My work in progress walks on a tightrope of violence, both physical, and the type of mental violence that humans are so adept at inflicting on each other. It’s about good people doing bad things, and letting those bad things change them. It’s about a queer triangulation of desire between people, and between three choices: Resist, succumb, or walk away – and what you do when picking just one of those things isn’t an option.
And that’s a bit weird, considering that I’ve written before about how I like the calmness I’ve so carefully cultivated, how I’m not looking for adventure and passion and a large, loud life.
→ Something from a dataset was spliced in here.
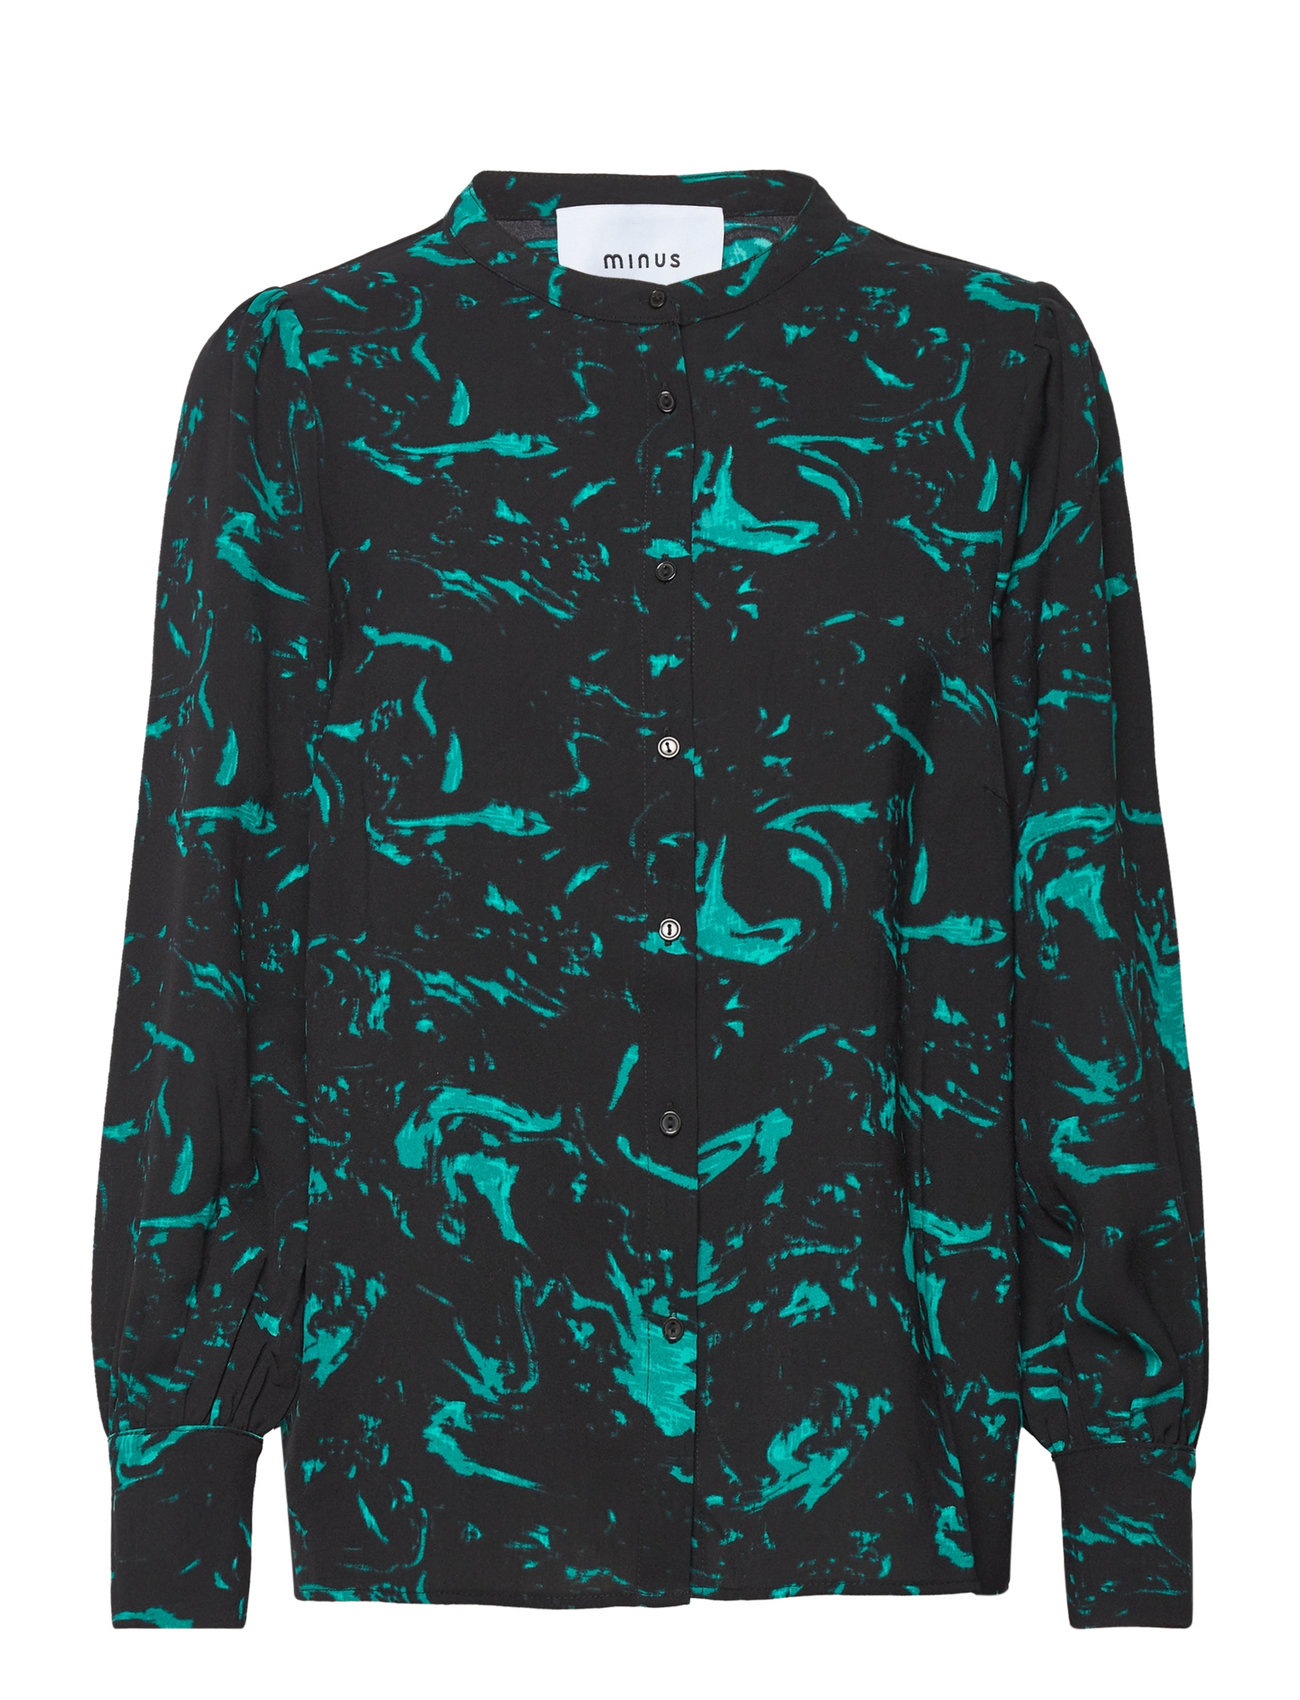 Bibliografi virkelighed fordel Minus Selena Skjorte (Ocean Green Swirl Print), 405 kr | Stort udvalg af  designer mærker | Booztlet.com

That’s probably why I like my writing to fuck me up. I’d rather do it quietly than spew it out all over the place. You can always put a book down.
And anyway, who knows how to fuck you up better than you?
I need to feel like the writing process is actually fucking me up – not healing things, but ripping things open, because that’s how I get to the story underneath the events, to the why underneath the what and the how.
I’m not saying everyone should write this way, but if a story doesn’t profoundly bother me, then I can’t write it well. If it’s not keeping me up nights and spawning half a dozen angsty Spotify playlists, then I lose interest. I need to poke my demons with a stick until they bite back and latch on.
I don’t write to soothe myself. I write because I’m compulsively unable to stop emotionally self-harming, and making it into a story puts it in a place that doesn’t spill out all over my neatly crafted boring little life, and lets me polish it up so that when/if it ever does go out to the world, it looks artistic instead of like raw mental sewage.
If this sounds dark…perhaps it is, but we all have our dark sides. Dumping mine into my work allows me to walk around botanic gardens appreciating flowers, sit on the sidewalk with three katydids admiring them and the world that made them, find joy in music and solitude and colors and libraries and all the little, simple things that amuse and uplift me.